Summary: a user's perspective

This has only scratched the surface of what's possible with custom indices. In the opinion of the author, their main advantage is that they can increase the clarity of code by ensuring that "names" (indices) can be endowed with absolute meaning, rather than always being "referenced to whatever the first element of this particular array happens to encode."

There is quite a lot of code that hasn't yet properly accounted for the possibility of custom indices — surely, some of it written by the author of this post! So users should be prepared for the possibility that exploiting custom indices will trigger errors in base Julia or in packages. Rather than giving up, users are encouraged to report such errors as issues, as this is the only way that custom indices will, over the course of time, have solid support.

Summary: a developer's perspective

For some algorithms, there appears to be little reason to ever use arrays with anything but 1-based indices; in such cases, there may be no reason to modify existing code.
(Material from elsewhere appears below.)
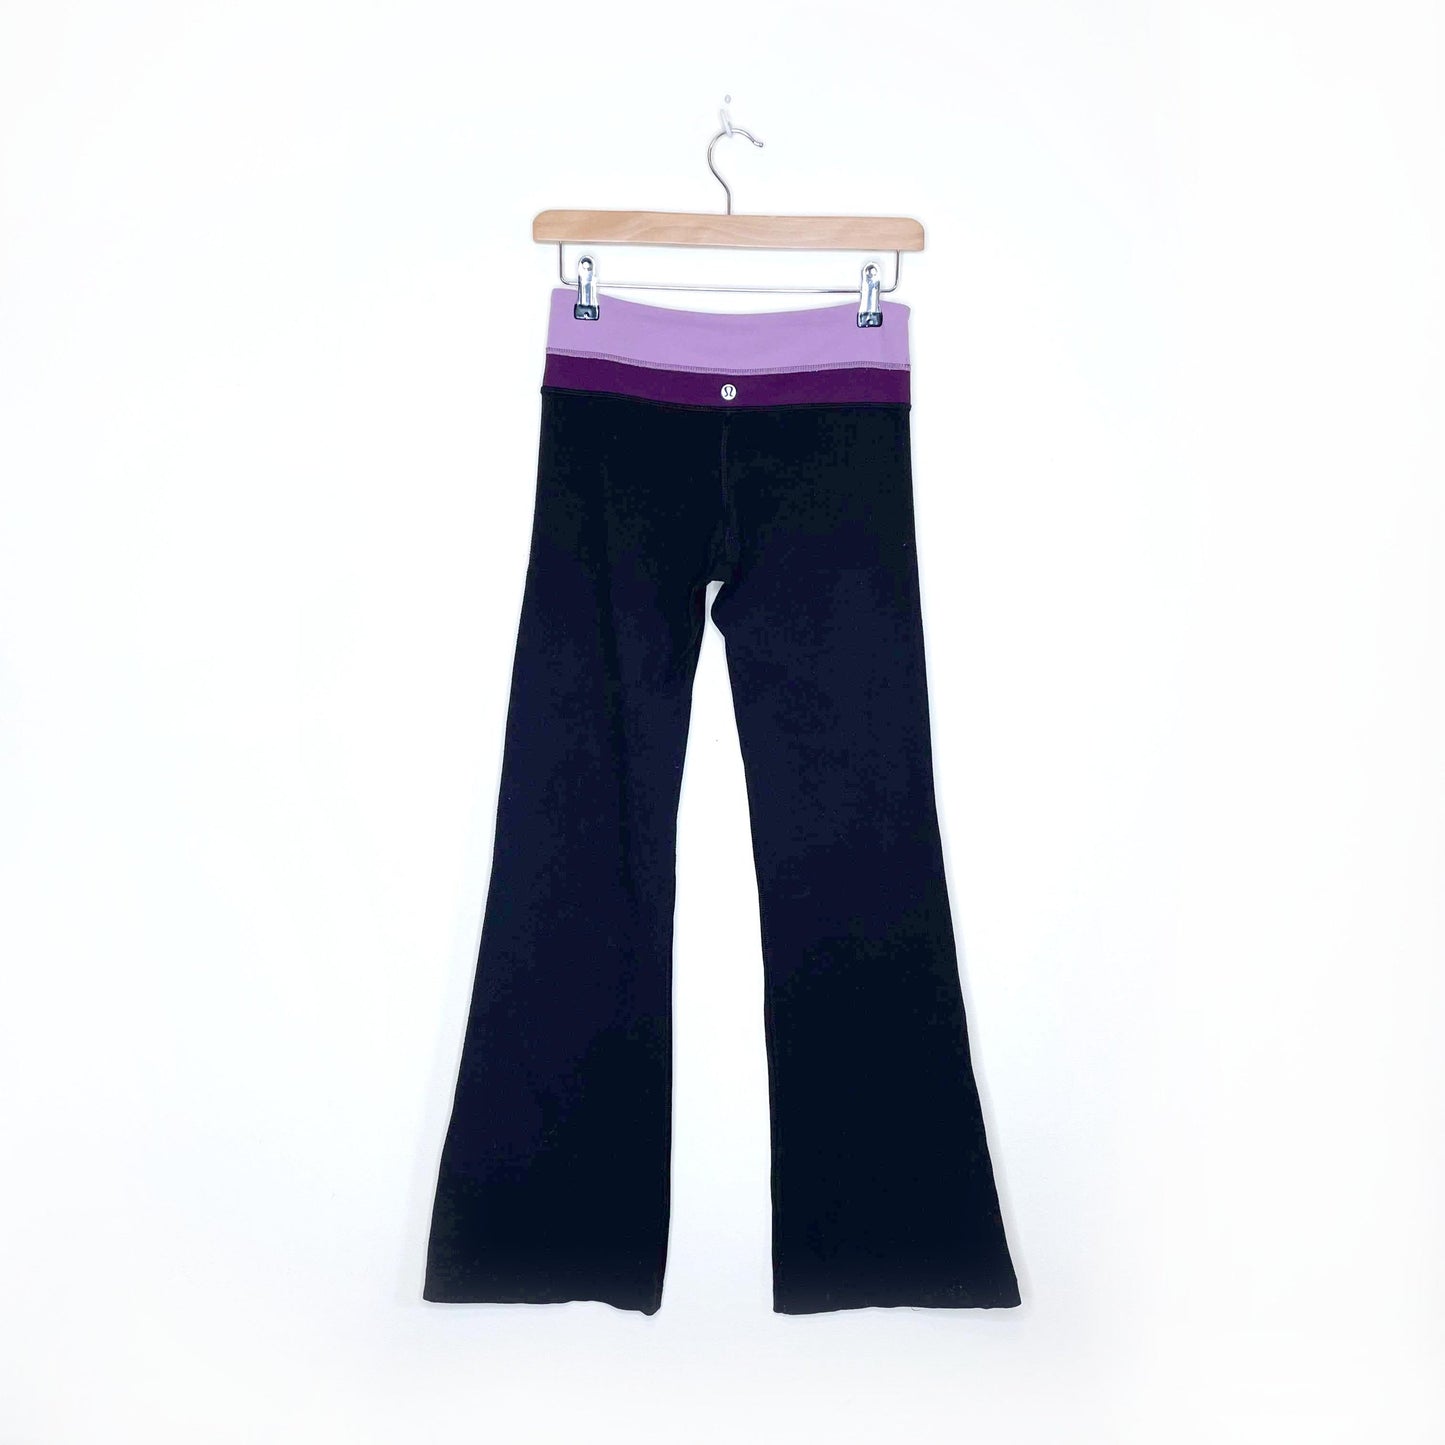 lululemon groove flare pants with purple waistband - size 4

But if your code has a "spatial" interpretation–where location has meaning–then you just might want to give the new facilities a try.

In transitioning existing code, the author of this post has observed the following tendencies:

algorithms that exploit custom indices are sometimes simpler to understand than their "1-locked" counterparts;
if you're porting old code to support custom indices, there's some bad news: if you had to think carefully about the indexing the first time you wrote it, it usually requires significant investment to re-think the indexing, even if the end result is somewhat simpler.
even when a specific algorithm might gain little advantage from supporting arbitrary indices, writing code that is "indices aware" from the beginning is often no harder than writing algorithms that implicitly assume indexing starts at 1.

Developers are referred to Julia's documentation for further guidance.